Prior to Anti-Defamation League, Nazarian was active in three worlds: academia, philanthropy and foreign policy. She is the president of the Y&S Nazarian Family Foundation, with a regional office in Israel named the Ima Foundation. She is also the founder of the Y&S Nazarian Center for Israel Studies at the University of California, Los Angeles (UCLA). and chair of its advisory board. Sharon taught as an adjunct professor at UCLA in the Department of Political Science, is a member of the Council of Foreign Relations and sits on a myriad of foreign policy boards.

She is a major shareholder of Nazarian Enterprises and SBE Entertainment Group.

In 2021, Nazarian was considered for an ambassadorship position at the Office to Monitor and Combat Anti-Semitism in the Biden administration.

==Philanthropy==
Nazarian serves as the president of the Younes and Soraya Nazarian Family Foundation, which is dedicated to the promotion of education as the most important catalyst for societal change. The foundation supports educational causes in a broad spectrum of institutions: academic, public policy, and community-based social and artistic programs.
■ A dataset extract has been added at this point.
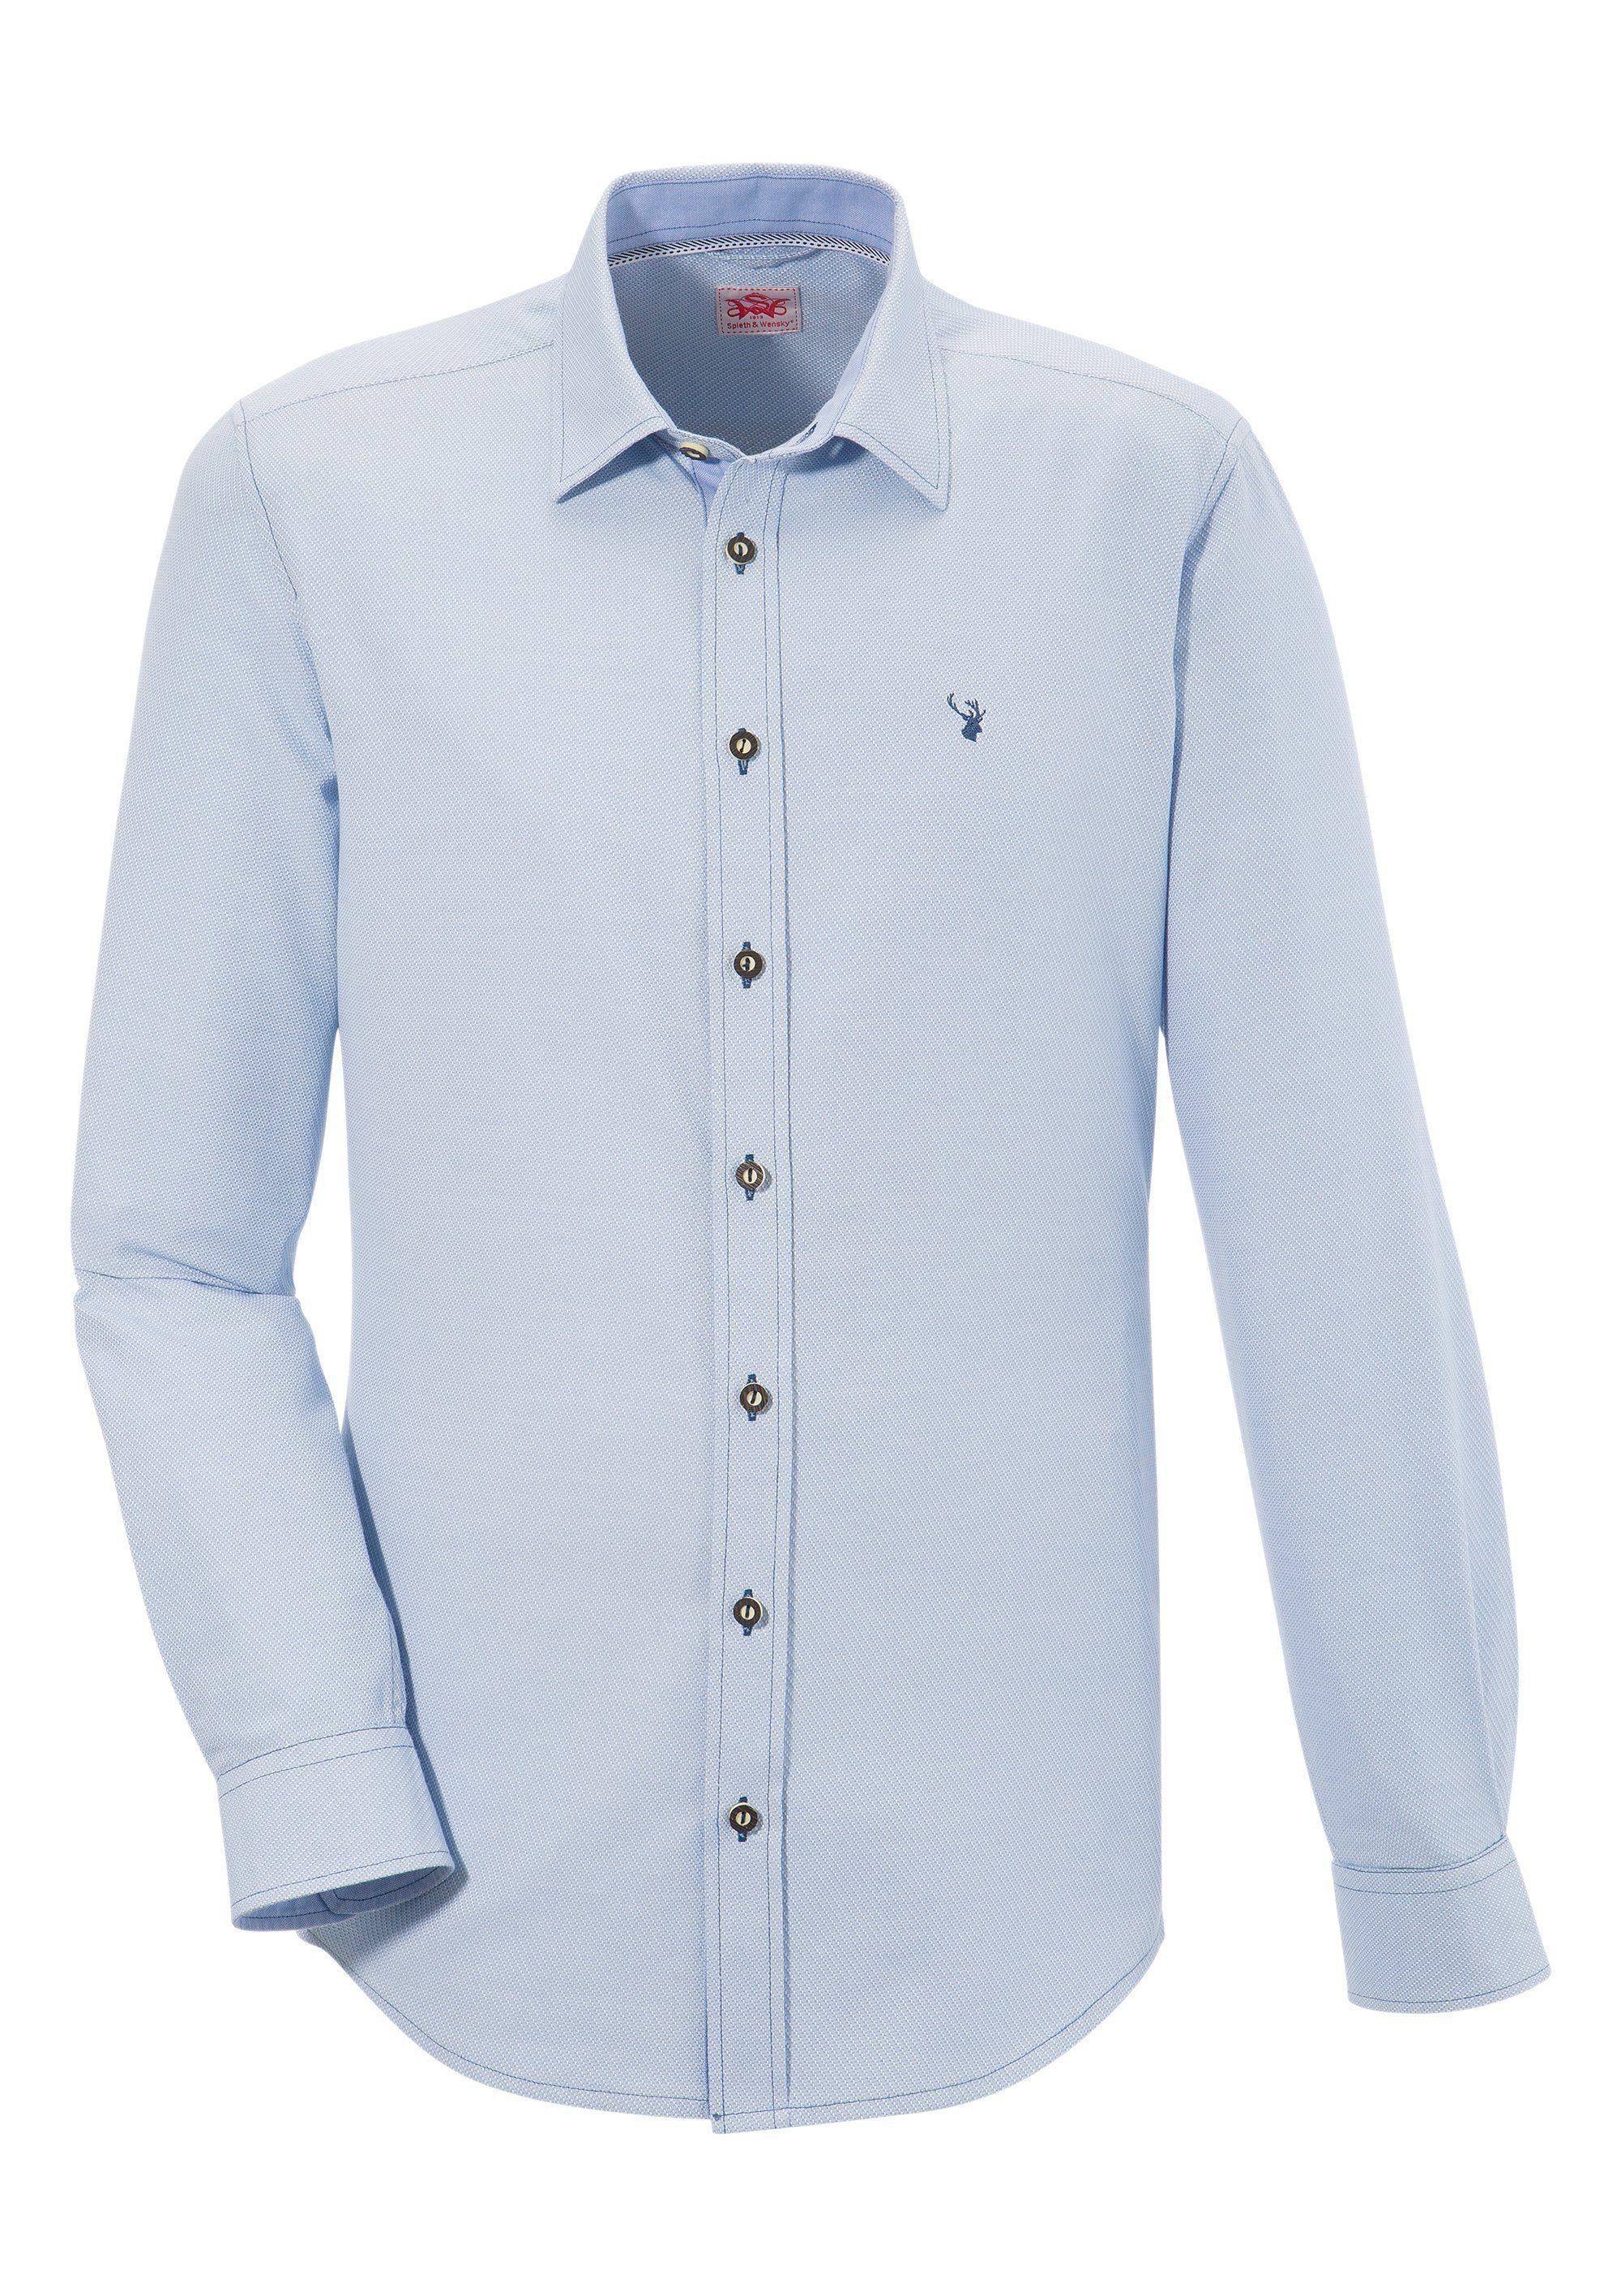 Herren Spieth & Wensky Trachtenhemd mit feinem Strukturmuster  | 04059829850514

Nazarian also serves on the Board of Governors of the University of Haifa.

On May 6, 2013, Nazarian was the recipient of a Deborah Award from the Anti-Defamation League in a ceremony at the SLS Hotel, Beverly Hills. In 2015, Nazarian was the recipient of the 2015 Israel Film Festival Humanitarian Award in Beverly Hills, CA. She was honored for her contribution to the Oscar-Nominated Israeli Film Baba Joon.

==Personal life==
Nazarian was married to Sharyar Baradaran, a periodontist, from 1990 to the early 2010s. She now resides in Los Angeles with her husband, Fernando Flint, and her three children.